● **What this task involves**:
Give the data below again exactly as it stands. Omit the pictures.

● **Material provided**:
════════

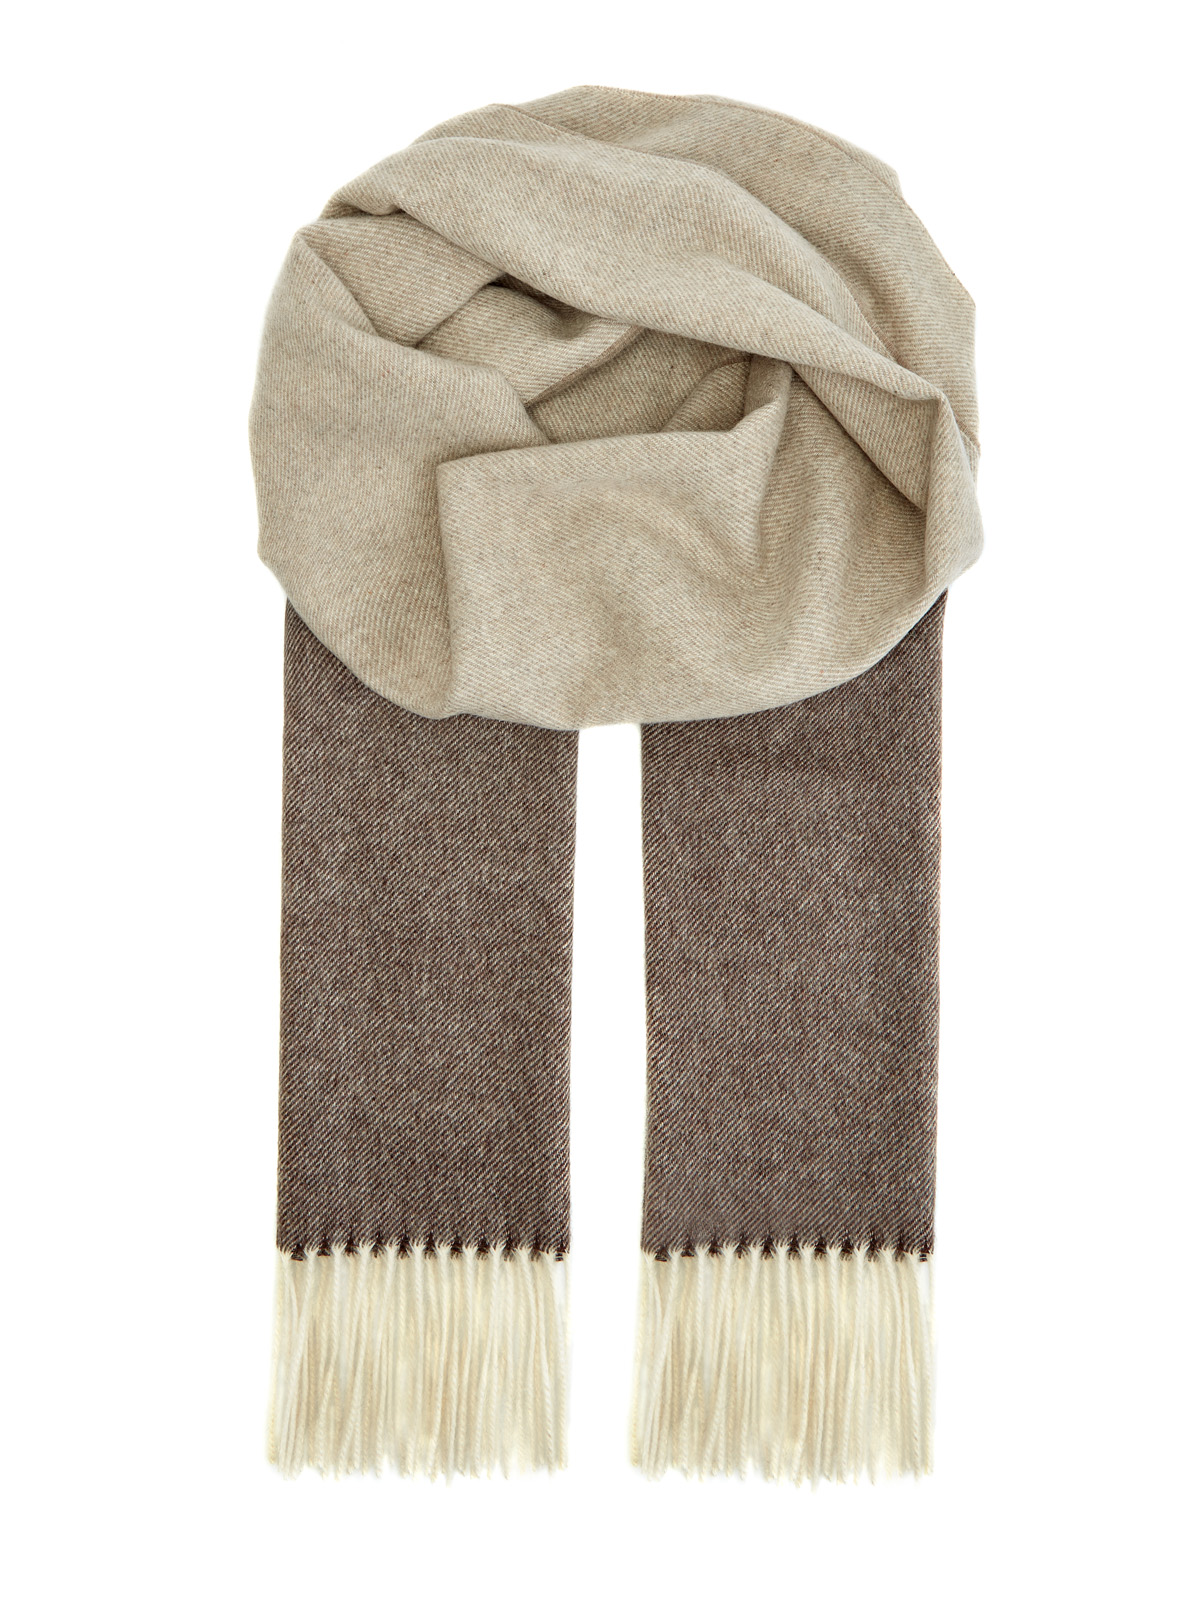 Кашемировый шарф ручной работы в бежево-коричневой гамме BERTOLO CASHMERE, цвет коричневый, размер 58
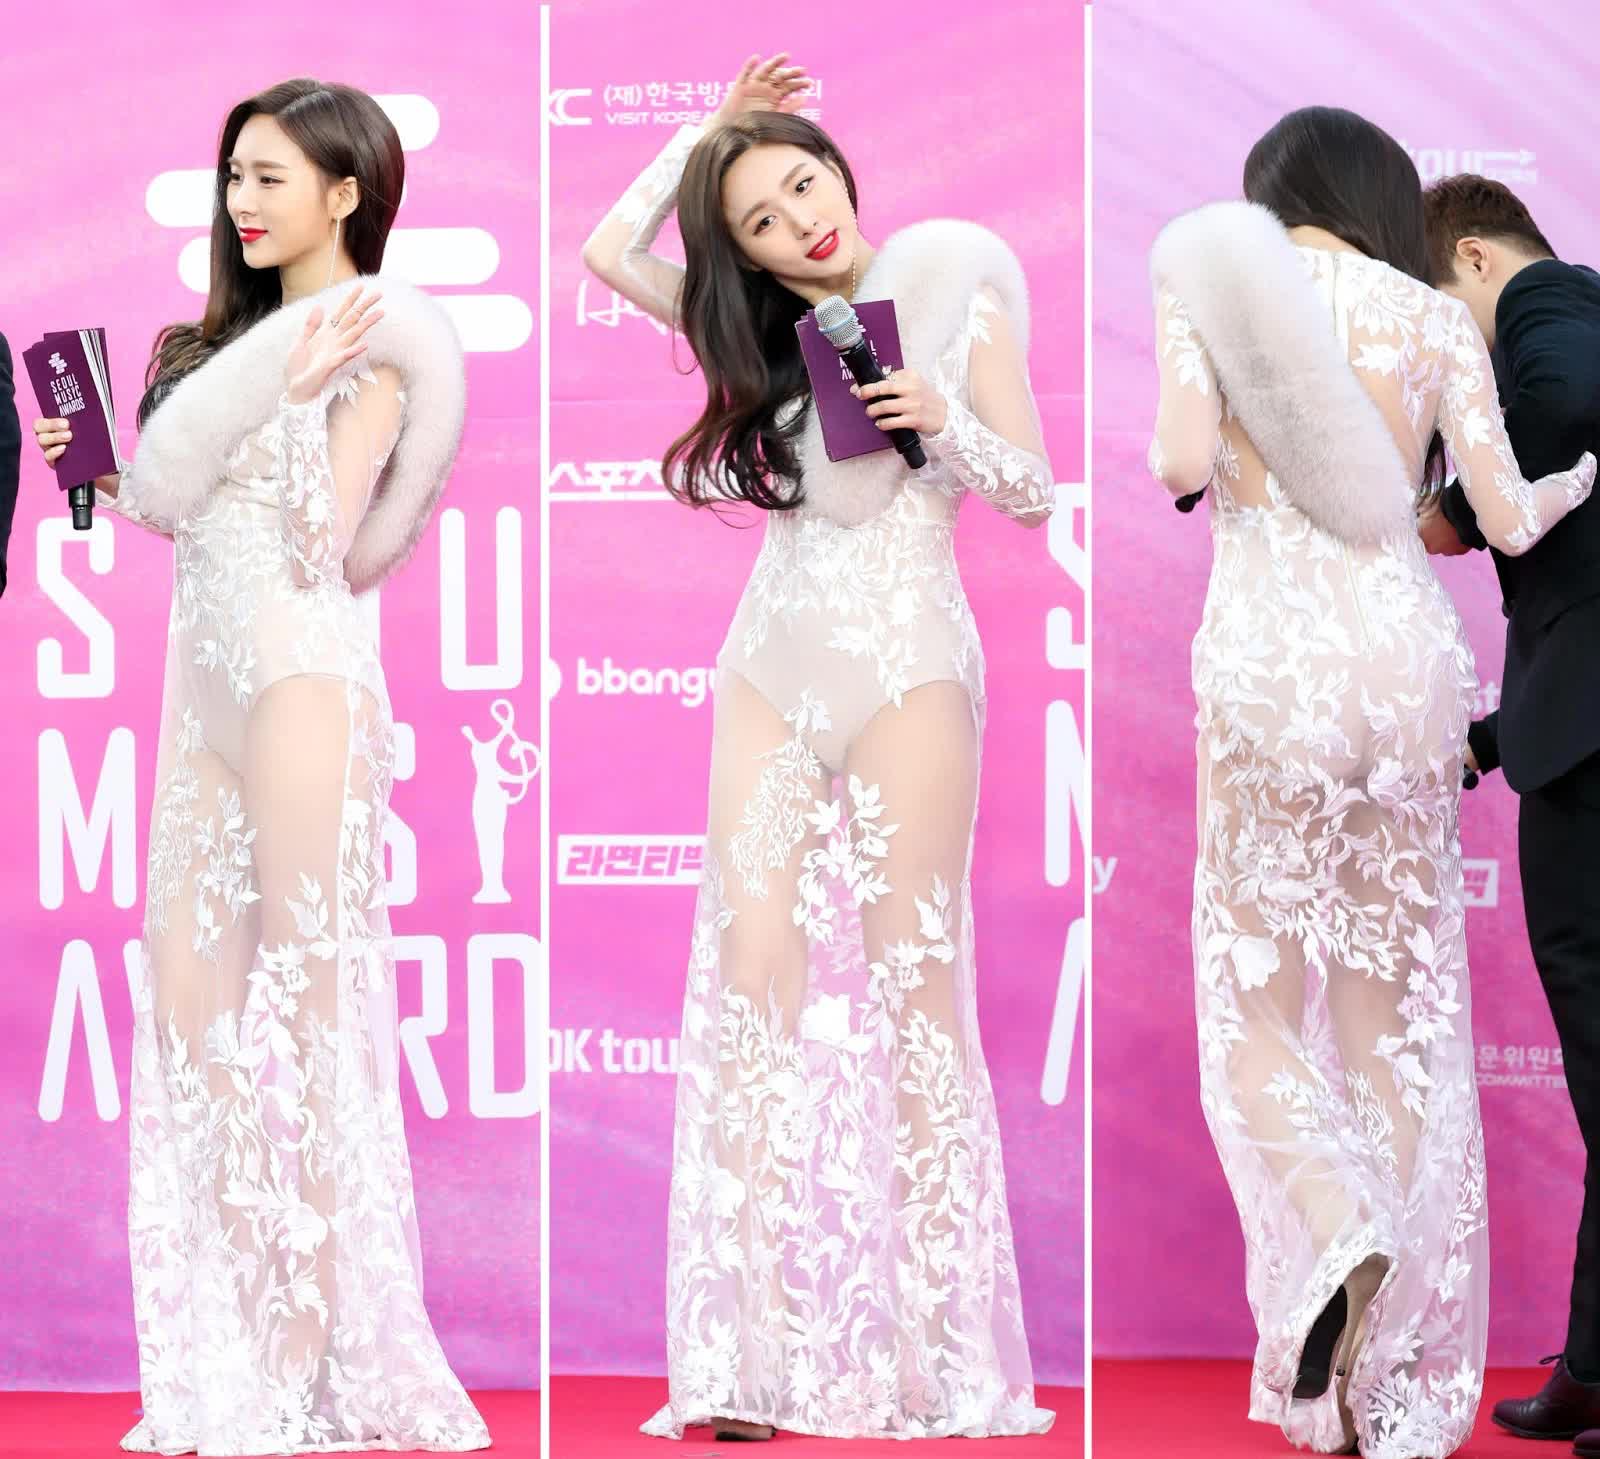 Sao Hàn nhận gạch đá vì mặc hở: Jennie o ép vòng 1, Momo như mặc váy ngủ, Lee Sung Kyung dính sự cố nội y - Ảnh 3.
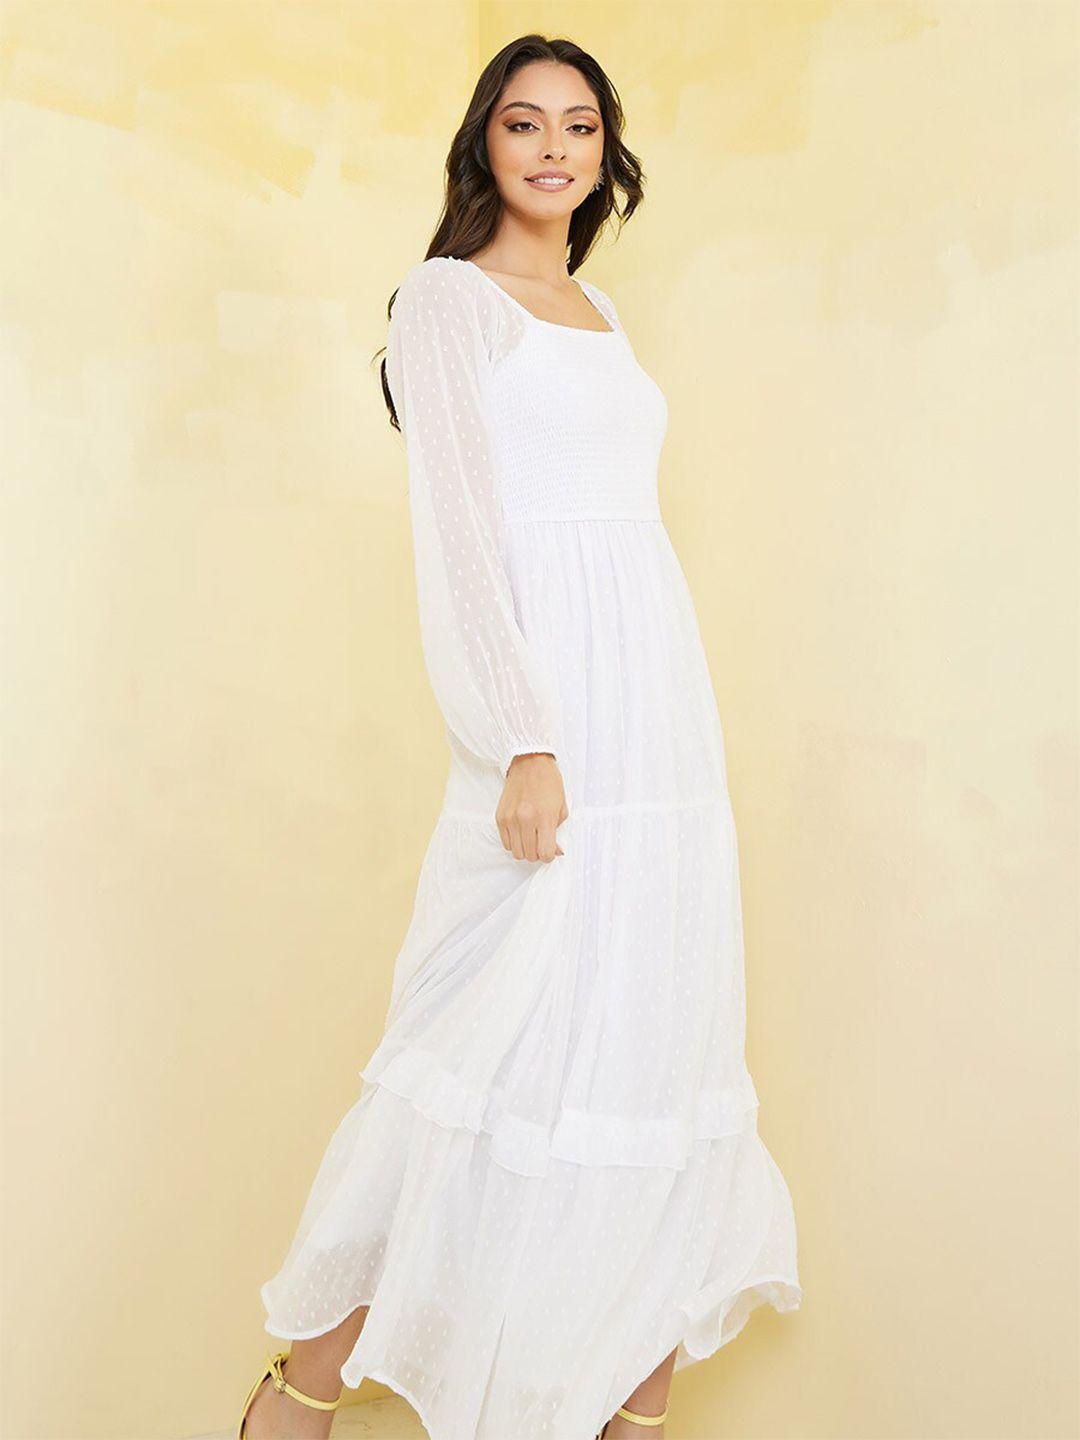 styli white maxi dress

════════

● **Exercise result**:
 Кашемировый шарф ручной работы в бежево-коричневой гамме BERTOLO CASHMERE, цвет коричневый, размер 58
 Sao Hàn nhận gạch đá vì mặc hở: Jennie o ép vòng 1, Momo như mặc váy ngủ, Lee Sung Kyung dính sự cố nội y - Ảnh 3.
 styli white maxi dress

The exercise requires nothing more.